**Listed records**

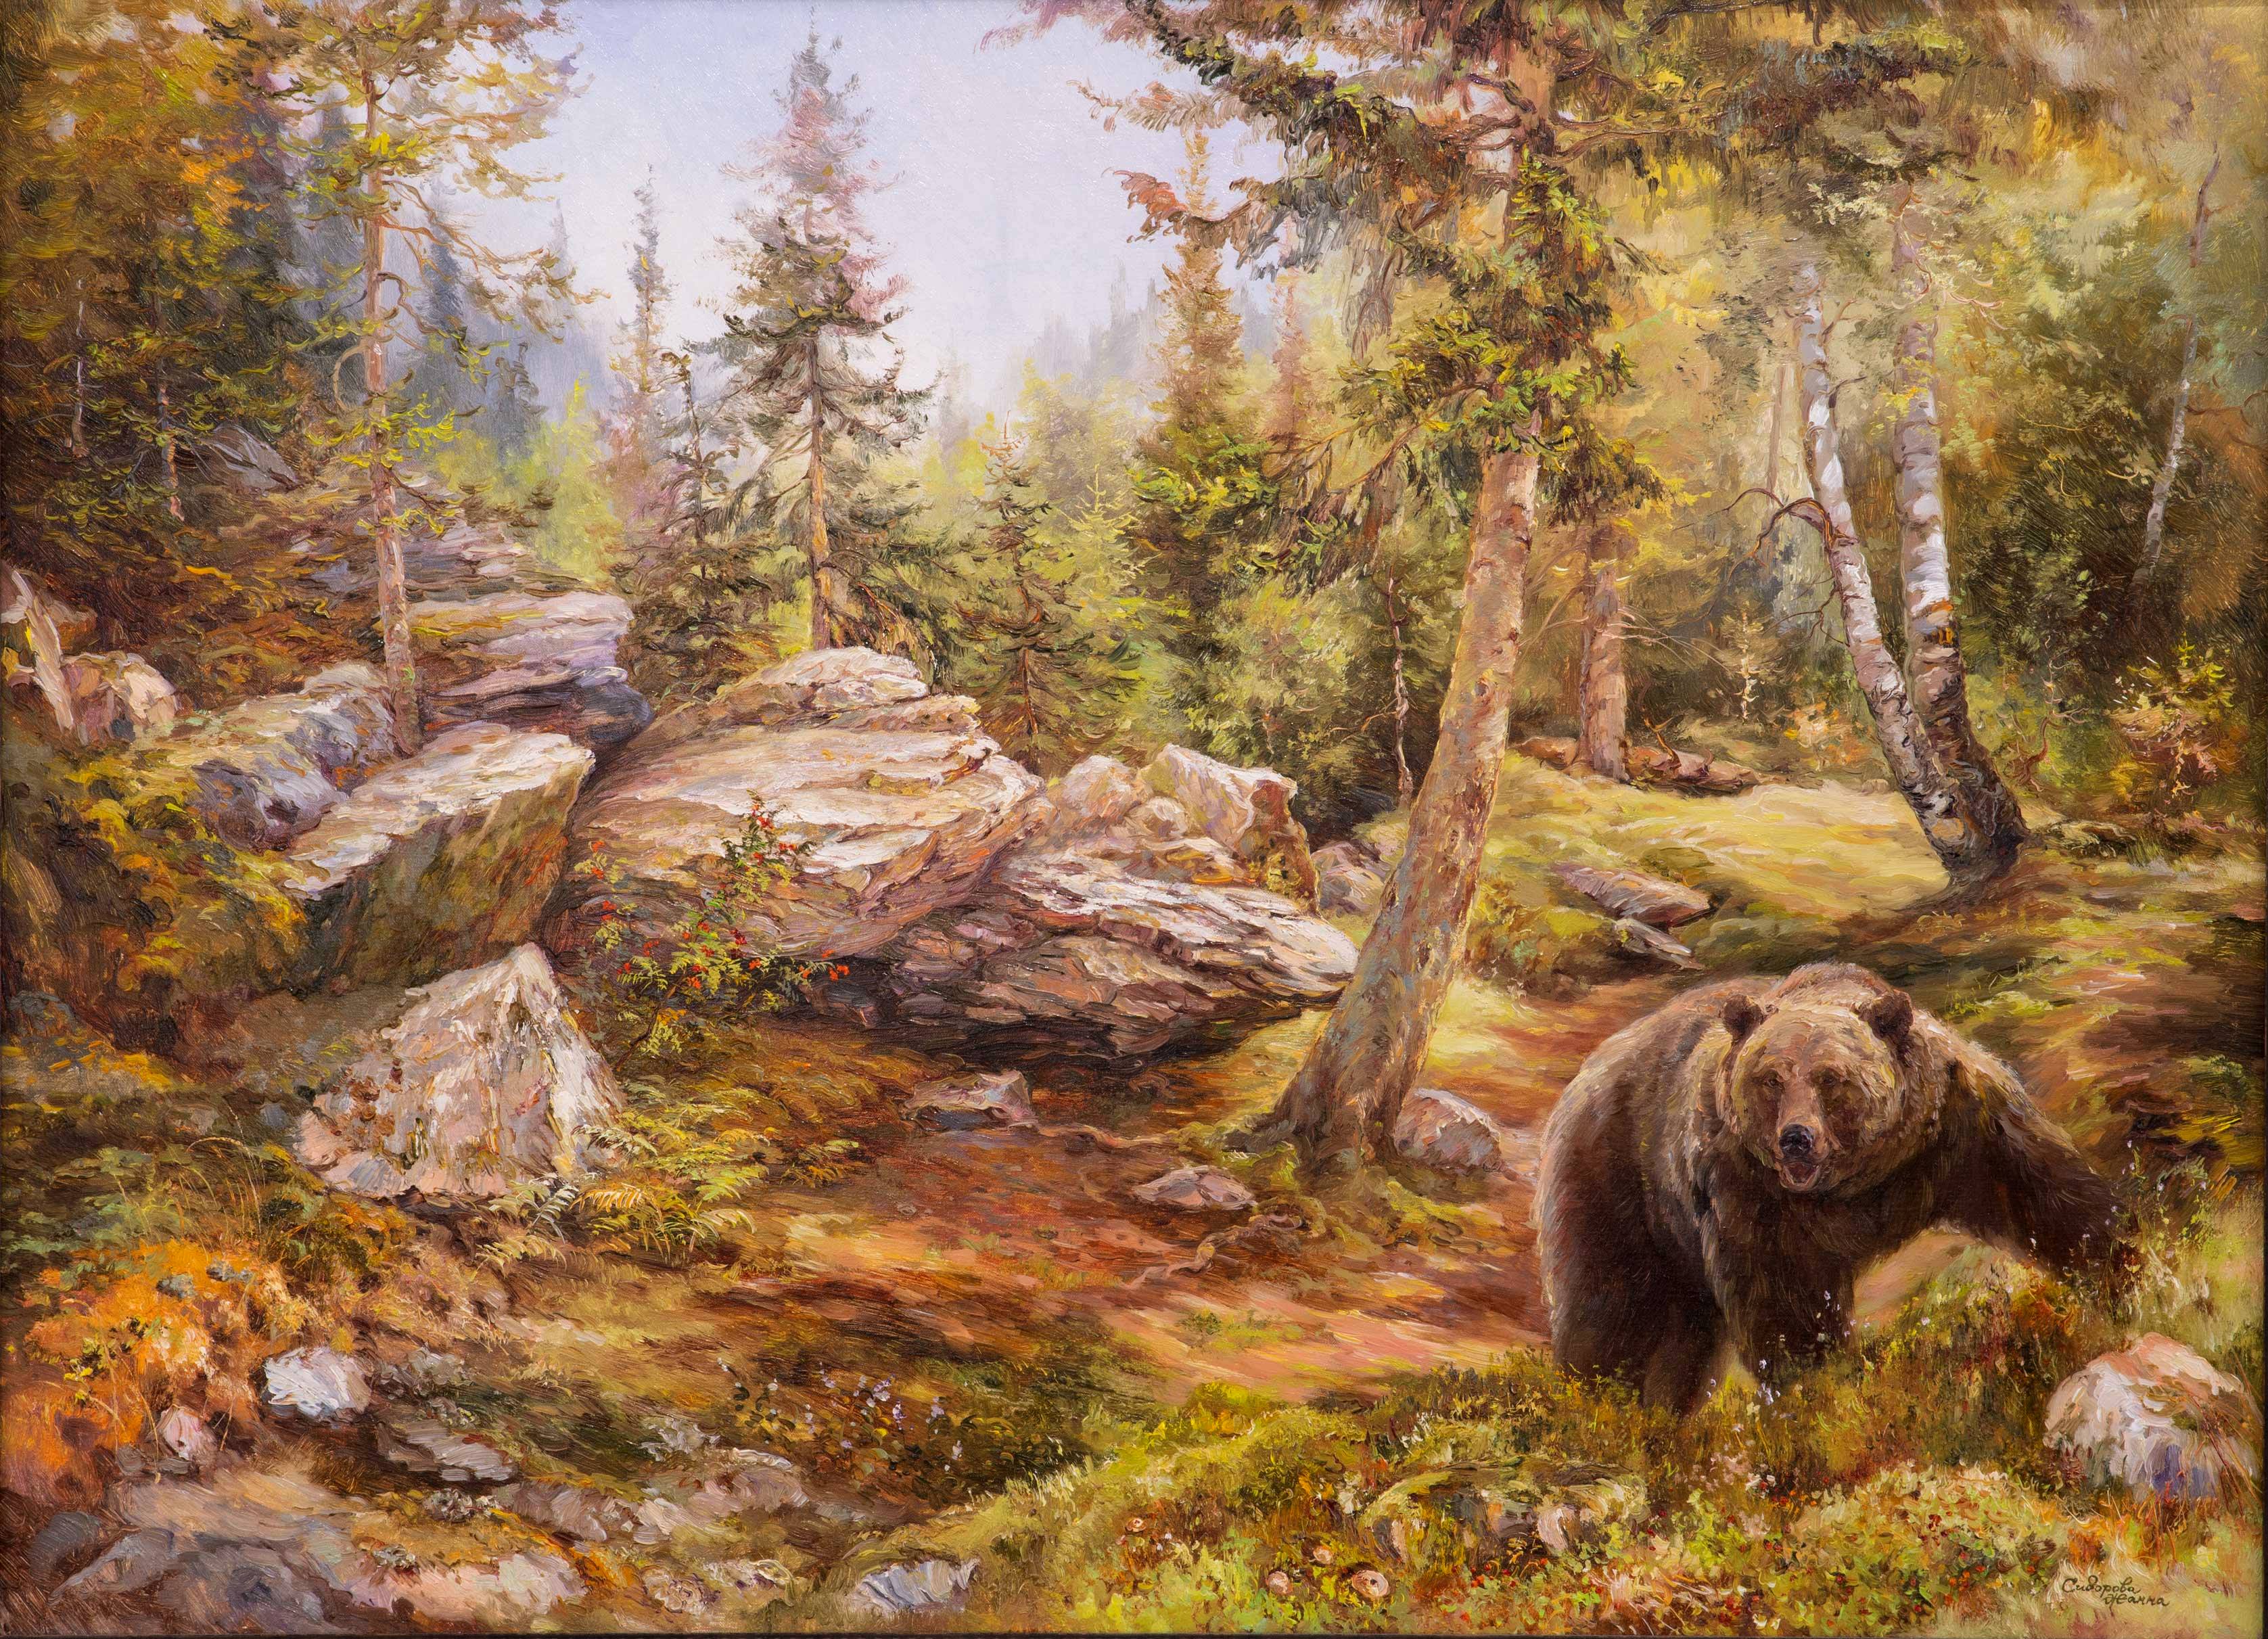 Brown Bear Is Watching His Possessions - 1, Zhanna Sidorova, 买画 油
---
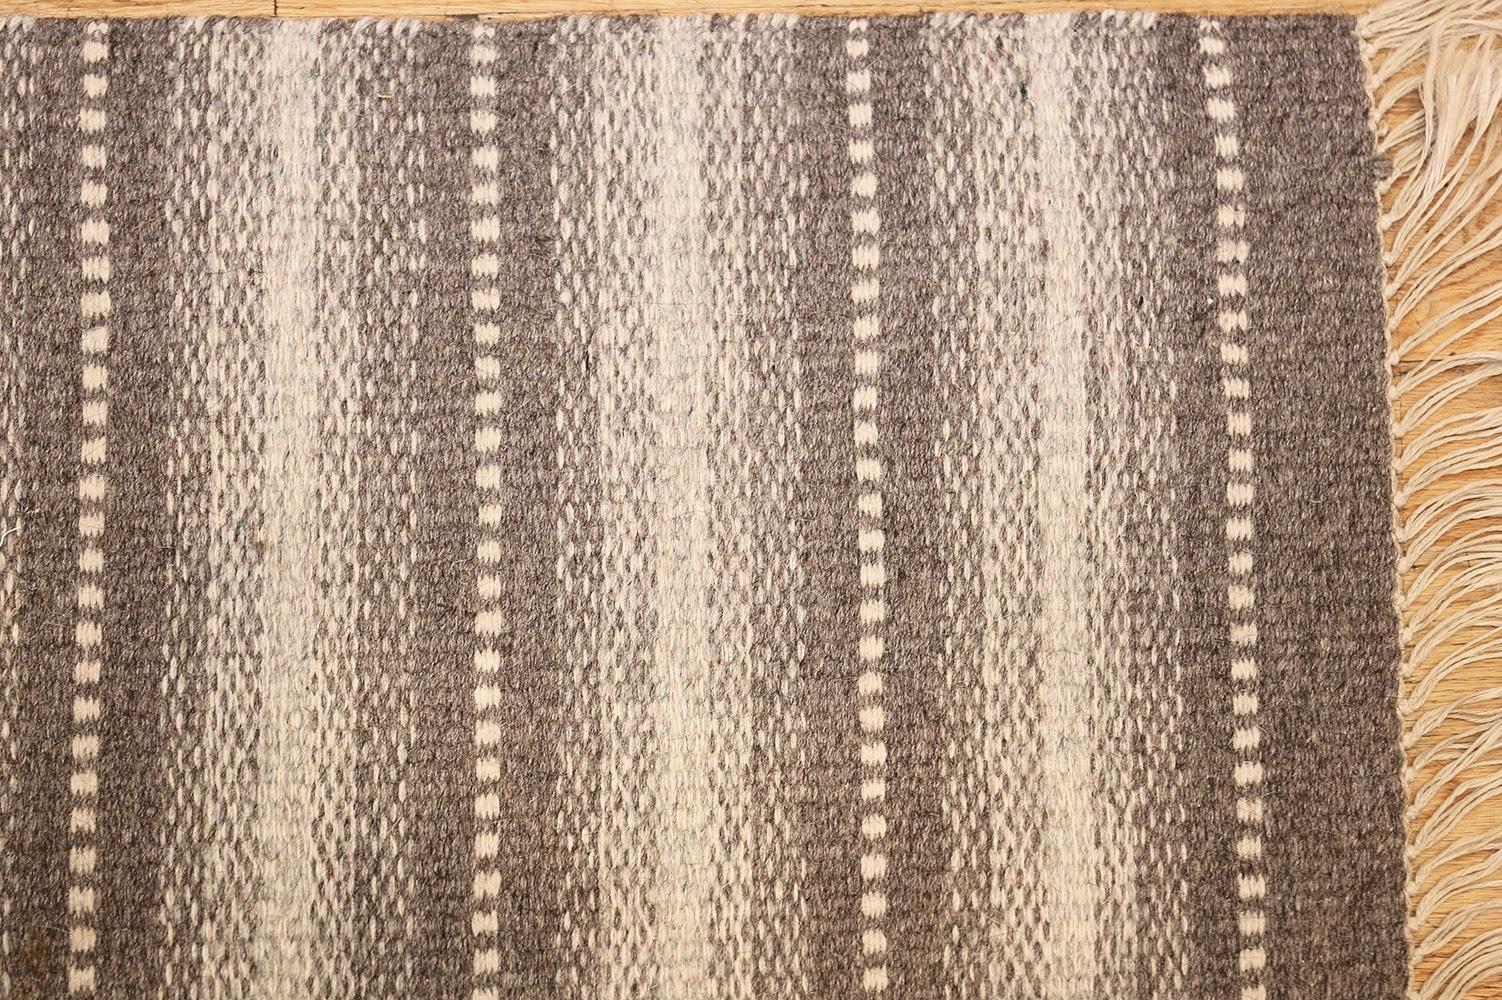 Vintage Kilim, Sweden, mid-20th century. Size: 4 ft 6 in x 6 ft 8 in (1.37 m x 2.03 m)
---
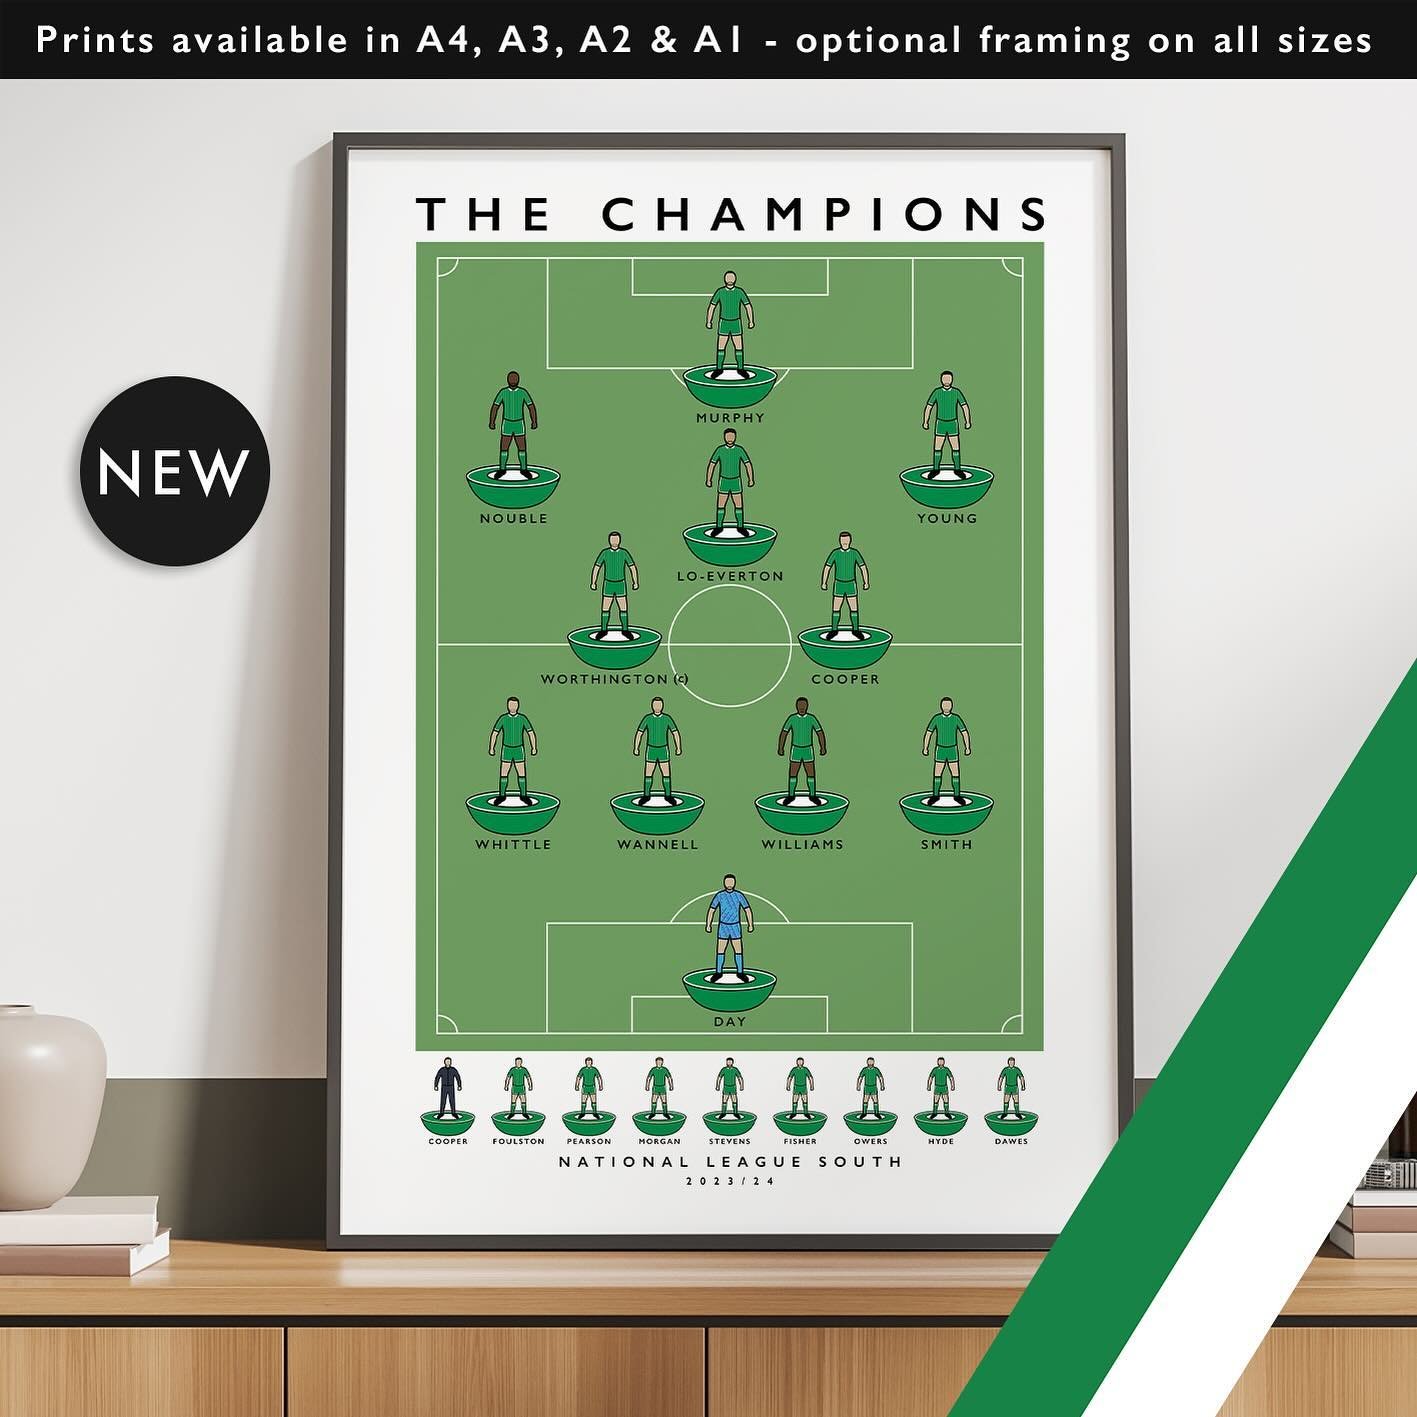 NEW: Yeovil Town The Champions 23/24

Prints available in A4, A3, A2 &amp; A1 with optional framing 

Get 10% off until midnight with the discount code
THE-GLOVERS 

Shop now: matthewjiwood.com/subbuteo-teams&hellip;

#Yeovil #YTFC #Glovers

**What you will do**
Among the entries above, locate the lines containing "Get 10% off" and "#Yeovil #YTFC #Glovers", and transcribe exactly those two lines and all lines between.

**Final answer**
Get 10% off until midnight with the discount code
THE-GLOVERS 

Shop now: matthewjiwood.com/subbuteo-teams&hellip;

#Yeovil #YTFC #Glovers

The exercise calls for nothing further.